CRATER RIM DRIVE has reopened after a precautionary closing with the recent collapse of the Pu`u `O`o crater floor and the creation of a new lava flow. The lava is unlikely to move toward Crater Rim Drive, park officials said.

Mazie Hirono
CONGRESSWOMAN MAZIE HIRONO introduced the Continuum of Learning Act of 2011 into Congress today. The bipartisan early childhood learning initiative helps educators from Head Start, other quality early childhood education programs, and elementary schools work together for successful transition from pre-K to elementary school, said Hirono.
     “Without spending any additional taxpayer dollars, this bipartisan legislation helps our keiki enter school ready to learn and increases their success in the early years,” she said. Hirono, a former teacher, is a member of the House Education and the Workforce Committee. Hirono said the legislation “will strengthen the early education efforts for our nation’s 21.2 million children under age 5, some 86,000 of whom are in Hawai`i.”

TRAUMA INJURIES IN KA`U will receive better treatment at its larger sister hospital, Hilo Medical Center. Hilo has been upgraded to a Trauma Level Three Hospital. Gov. Neil Abercrombie visited Hilo Medical Center this week to commemorate the hospital’s new designation. Hilo Medical Center’s upgrade bolsters the entire Big Island’s readiness and ability to treat trauma patients.

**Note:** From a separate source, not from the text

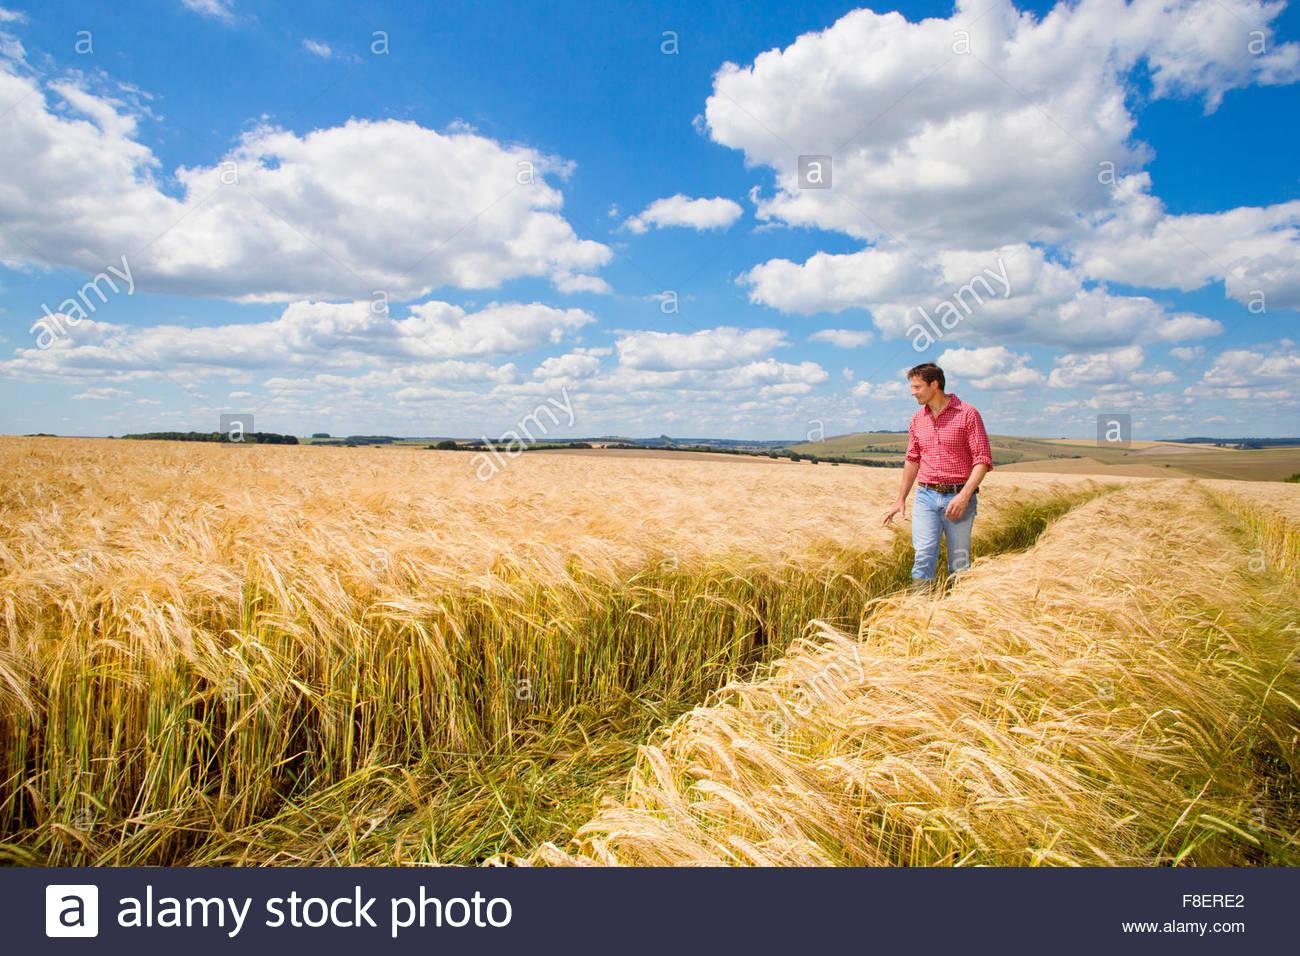 Examinando el agricultor rural soleado campo de cultivo de cebada en verano Imagen De Stock

GOV. NEIL ABERCROMBIE also made an appearance at Keaukaha Elementary School in Hilo, and the governor joined the University of Hawai`i at Hilo in celebrating the opening of the campus’ Science and Technology building and then made an appearance at the East Hawai`i State Office Building, where a public hearing was earlier held concerning the plans of the biofuel company `Aina Koa Pono to develop lands in Ka`u. During the Hilo visit, Abercrombie was confronted by citizens supporting the state and the Hawai`i State Teachers Association. Protestors opposed the pay cuts, health insurance hikes, and furlough days that the state imposed on teachers last month.